Israeli Court Rejects Ahed Tamimi’s Request for Public Trial ‘For Her Benefit’

The military appeals court rejected the request of Ahed Tamimi, the Palestinian teenager who will stand trial for striking Israeli soldiers, to hold the proceedings in open court, claiming a lack of authority.

Last week the military prosecution told the court that it had no objection to a public trial. The decision to hold the trial behind closed doors, which the prosecution did not ask for, was made by a lower court, which said that it was for “the minor’s benefit,” even though all of her detention hearings prior to her being charged were public.

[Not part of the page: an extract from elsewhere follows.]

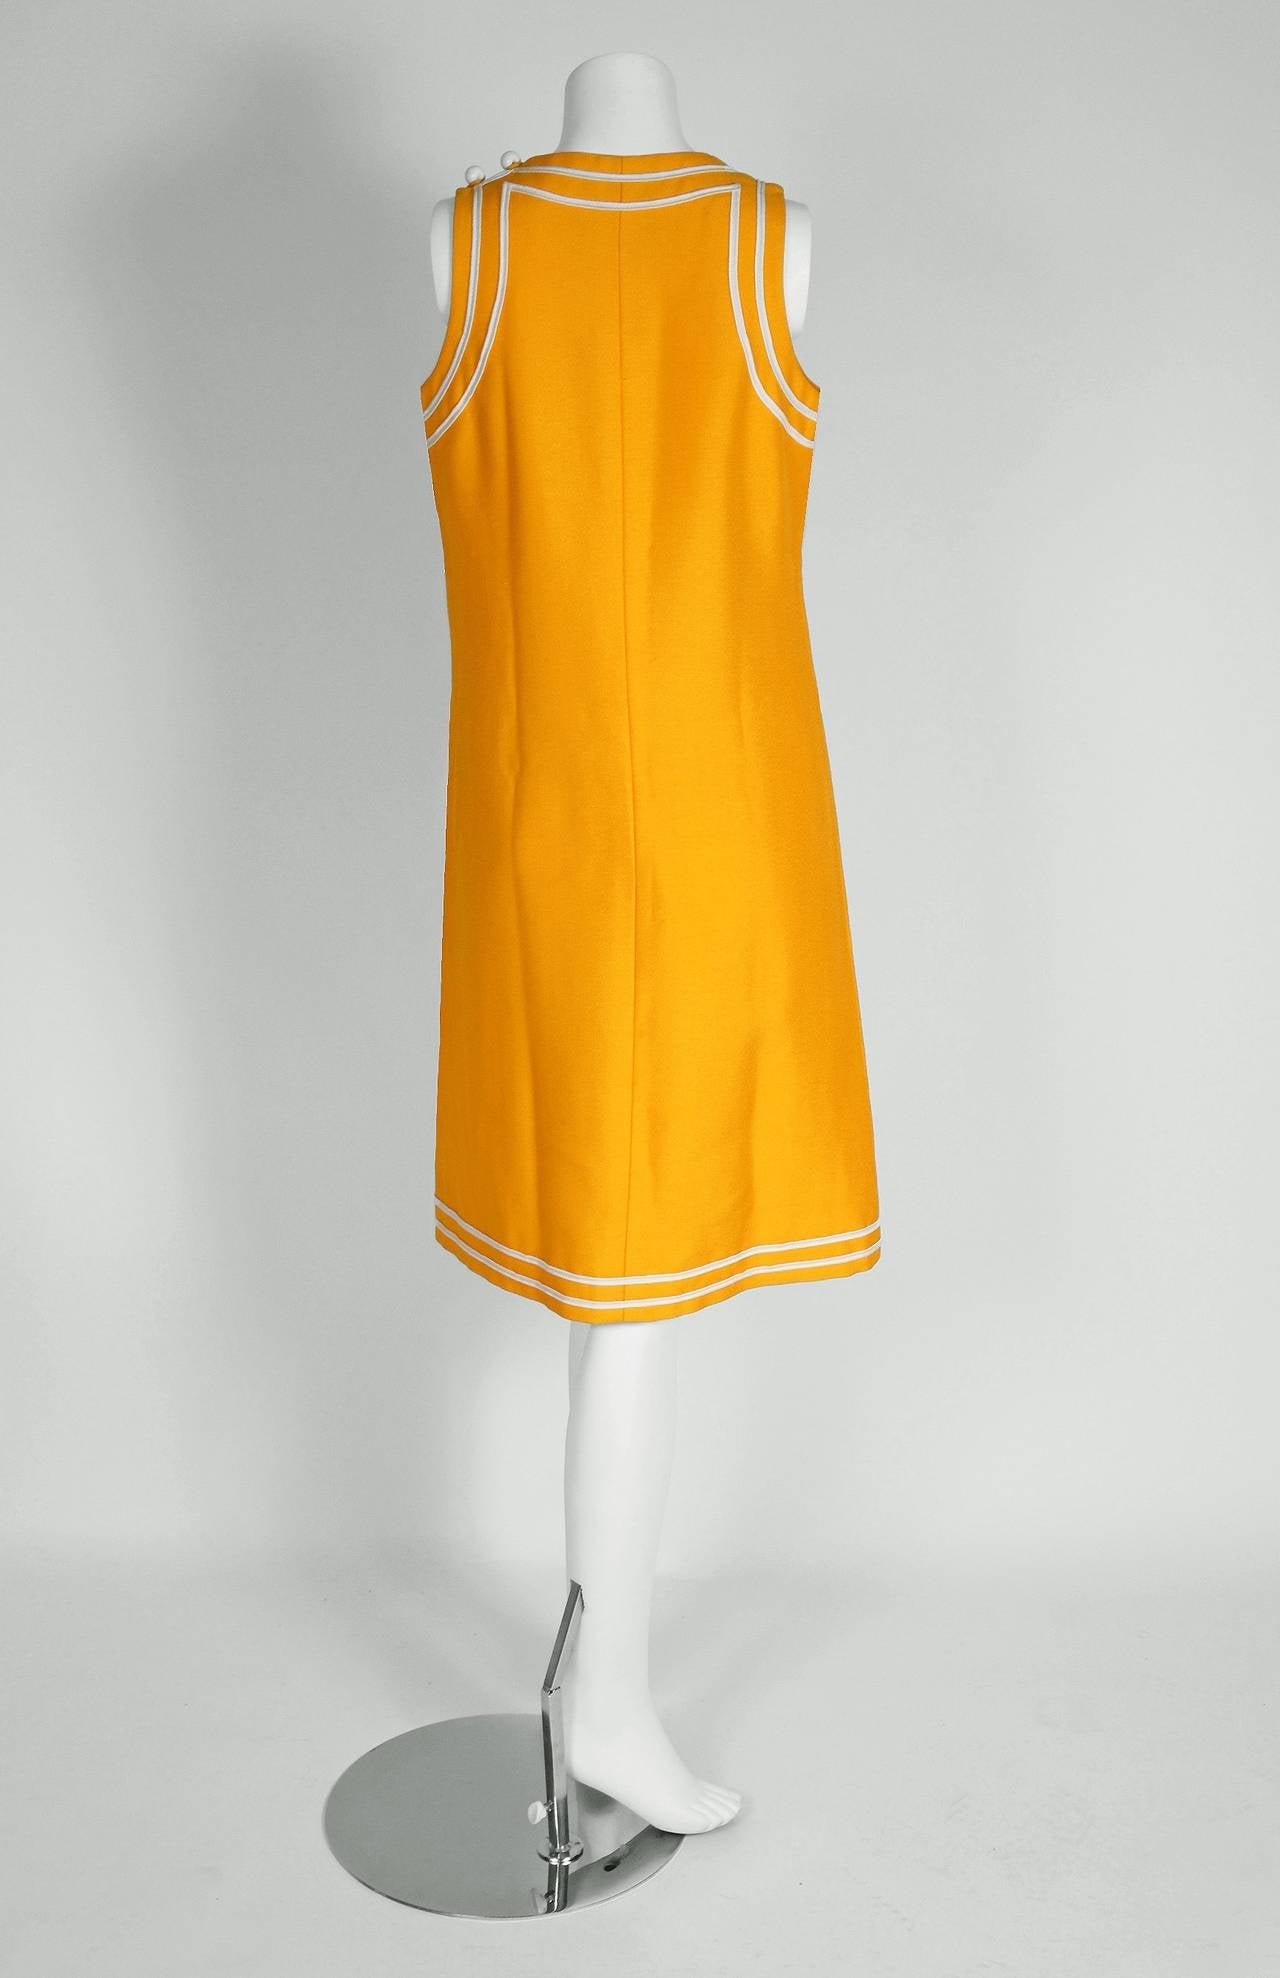 1969 Pierre Cardin Documented Yellow Linen Space-Age Stripe Mod Dress & Shorts 2

Tamimi, 17, who is charged with stone-throwing and attacking soldiers on several occasions, was arrested in December after a video showing her hitting soldiers near her home in Nebi Salah went viral. She is also charged with incitement, because, among other things, she wrote on Facebook, “Our strength is in our stone and I hope that the entire world will unite to liberate Palestine if by stabbing attacking or suicide attacks or throwing stones.” In January it was decided that she would remain in detention until the end of legal proceedings.

In explaining the appeals court’s decision, Col. Netanel Benishu acknowledged that “The appellant was identified by name when the documentation of the acts that led to her arrest were publicized, and after this her detention was documented and publicized widely by security officials One cannot deny the exceptional public interest that accompanies the appellant’s judicial proceedings.”

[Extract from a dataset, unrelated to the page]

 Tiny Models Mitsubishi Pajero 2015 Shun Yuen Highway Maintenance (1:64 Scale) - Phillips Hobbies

Nevertheless, he said, “the accumulated experience over the eight years that the juvenile military court has existed has taught us that giving the minor and his family a real chance to make their arguments in an intimate framework of proceedings that aren’t open to the general public is a basic component of conducting fair and just proceedings. In this, the judicial process in the military courts isn’t any different than the process before a civilian court.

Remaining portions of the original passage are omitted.